Key Elements of Best Practice

  • Long-stay patients in Provincial Psychiatric Hospitals are moved into the community with carefully planned transitions to alternative care models.
  • Inpatient stays are kept as short as is possible without harmful effects on patient outcomes.
  • Partial hospitalization programs are available as an alternative for inpatient admission. Day treatment is an option for those with non-psychotic diagnosis.
  • Home treatment programs (that are either assertive community treatment teams or adjuncts to intensive case management) are available as an alternative for inpatient admission.
  • New service delivery models that link family physicians with mental health specialists are in place.

Consumer Self-Help and Consumer Initiatives

Research Evidence

While there is variability in the quality of studies conducted to evaluate self-help and consumer initiatives, there is consistency in findings.

  • Participation in self-help is associated with
    • reduced hospitalization
    • reduced other service use
    • increased knowledge, information and coping skills
    • increased self-esteem, confidence, sense of well-being and of being in control
    • stronger social networks and support
  • Compared with professionally led groups, self-help groups emphasize experiential knowledge and social support, and tend to be more spontaneous, unstructured and unconstrained by time.

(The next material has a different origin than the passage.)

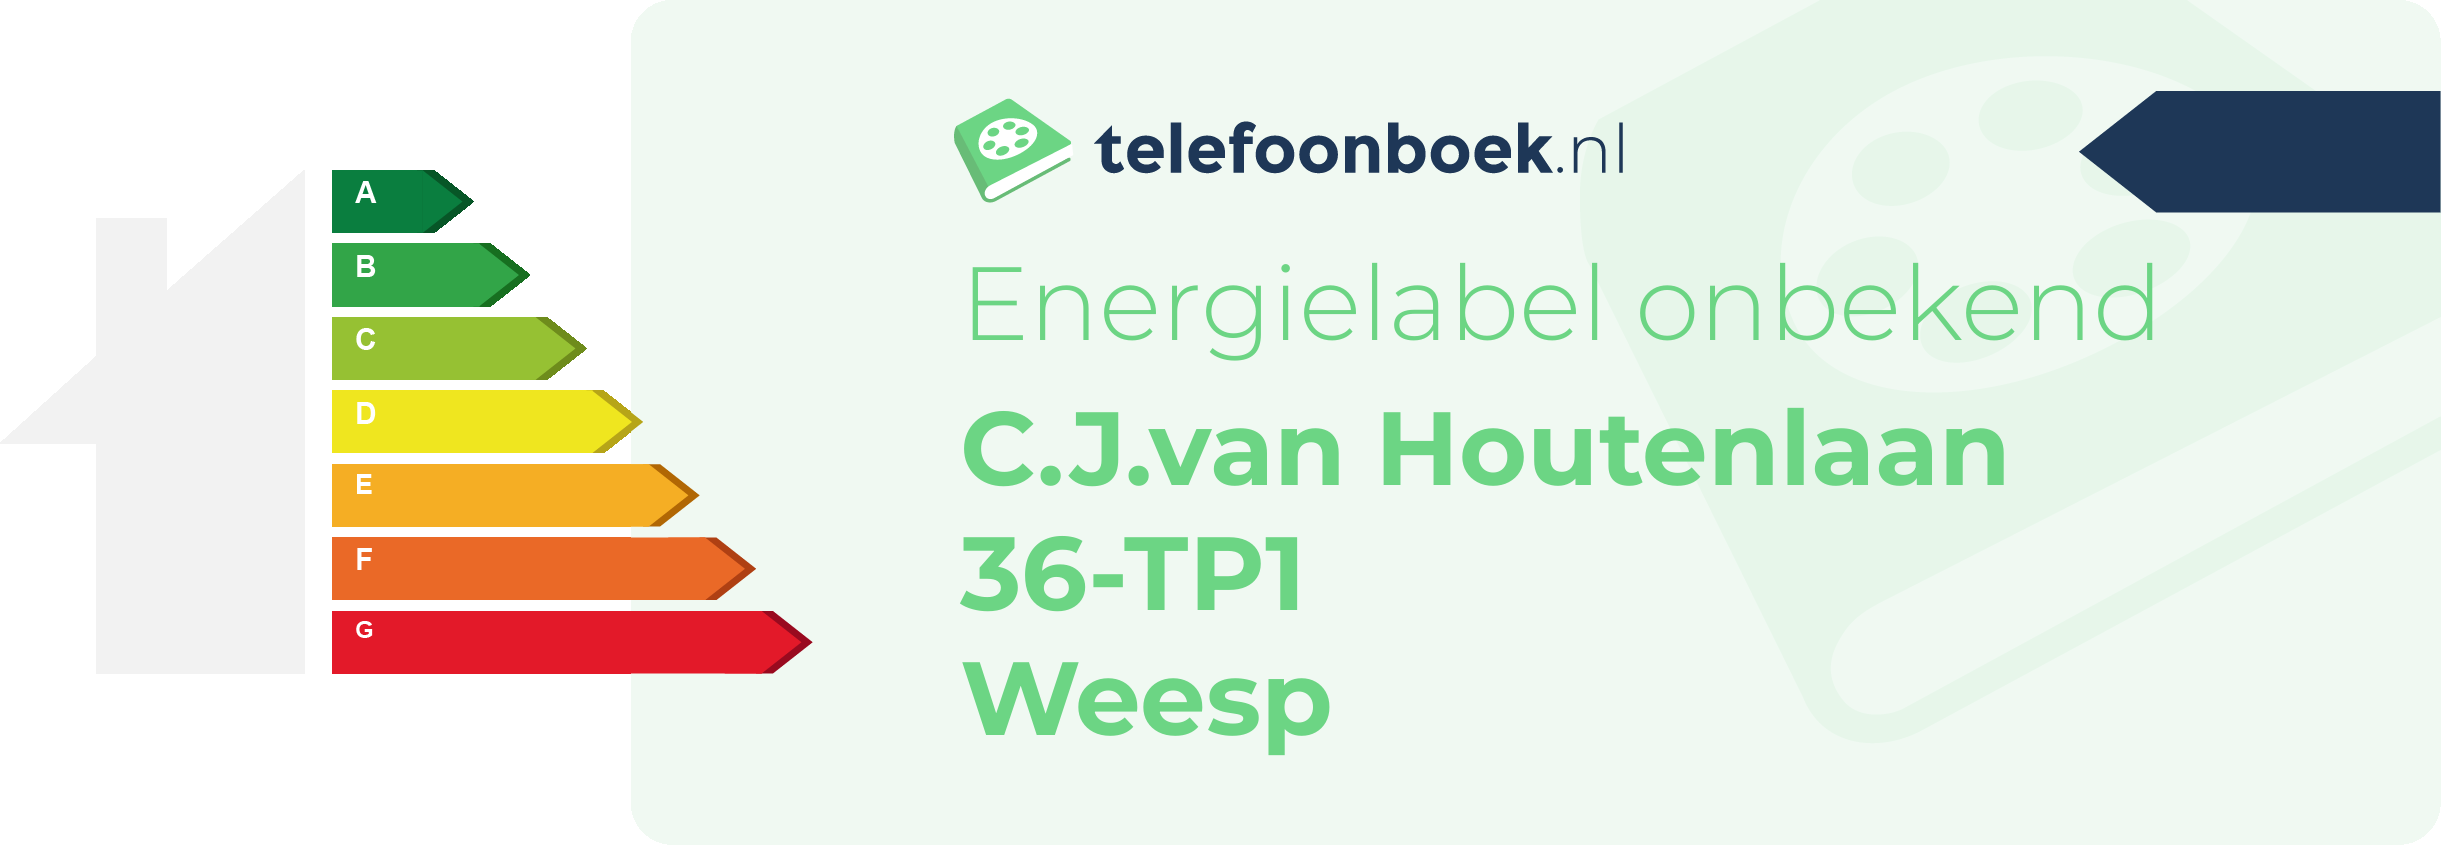 Energielabel C.J.van Houtenlaan 36-TP1 Weesp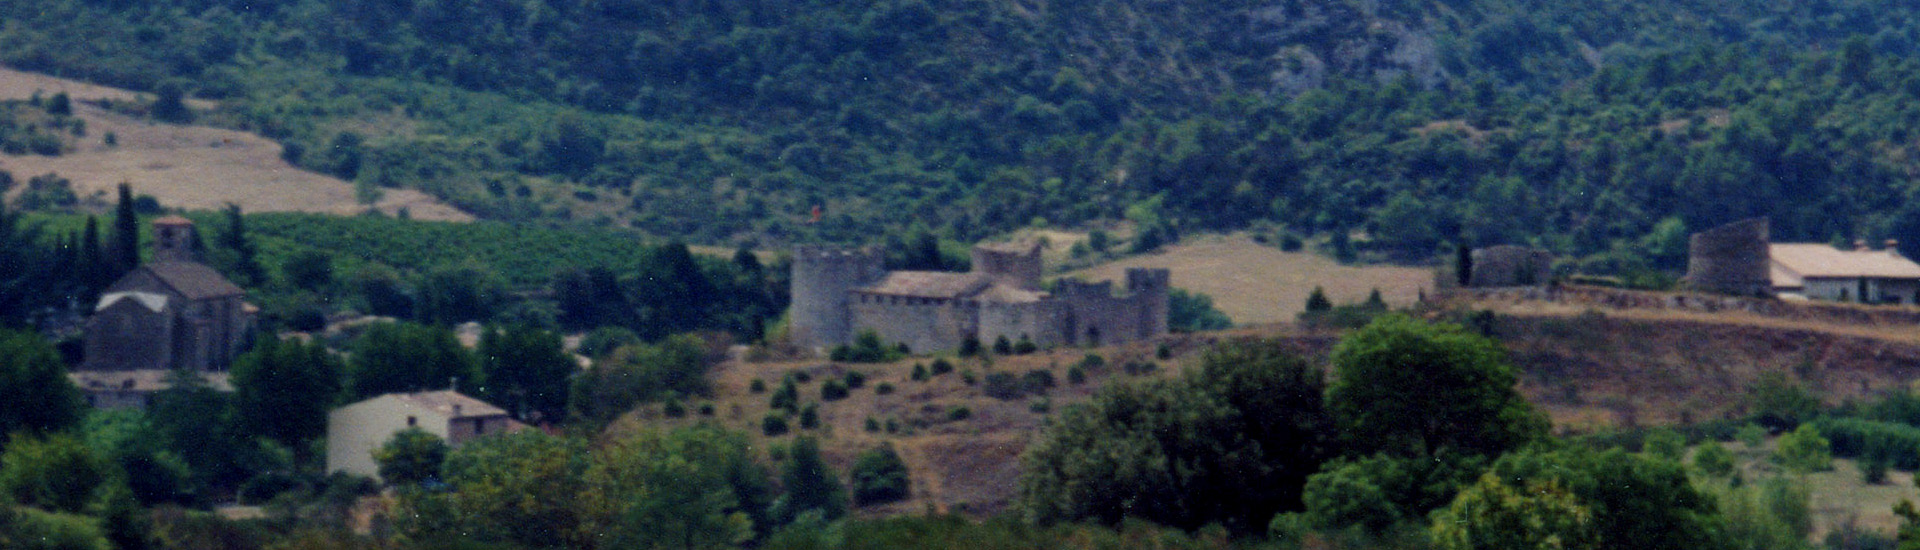 Château de Villerouge Termenes

Key Elements of Best Practice

There are growing numbers of funded organizations that utilise non-service models to engage in:

  • mutual support
  • advocacy
  • cultural activities
  • knowledge development and skills training
  • public education
  • educating professionals
  • economic development

Evaluation of the effectiveness of these initiatives that uses appropriate, alternative methods is supported.

The general public and mental health professionals are educated about the value of self-help.

Steps are taken to attract and train strong leaders for self-help groups.

Family Self Help

Research Evidence

Existing research on family self-help is limited in quantity and quality, with single group, cross-sectional study designs frequently used. Study findings associate participation in support groups with:

  • increased levels of information among participants
  • improved coping skills
  • reduced caregiver burden
  • improved identity as caregiver
  • improved relationship with and ability to support ill relative
  • improved emotional support

Key Elements of Best Practice

  • Funding is provided to family self help groups (as individual or joint consumer-family initiatives) and they are used as a resource in the planning and evaluation of care delivery.
  • Evaluation of the effectiveness of these groups that uses appropriate, alternative methods is encouraged and supported.

Vocational/Educational Services

Research Evidence

There are a number of fairly rigorous studies which demonstrate that:

  • People with serious psychiatric illness have the capacity to work
  • Employment programs should be encouraged for even the most disabled individuals
  • Supported employment is more effective than other employment models
  • Supported education enables clients to return to school on a full-time basis

Key Elements of Best Practice

There is a shift from traditional methods of providing vocational services to supported employment which includes:

  • continuous, time-unlimited individual support
  • attention to client preferences
  • a place-train philosophy with on-site job specific skills training

Supported education and social recreational programs are viewed as promising approaches in need of further evaluation.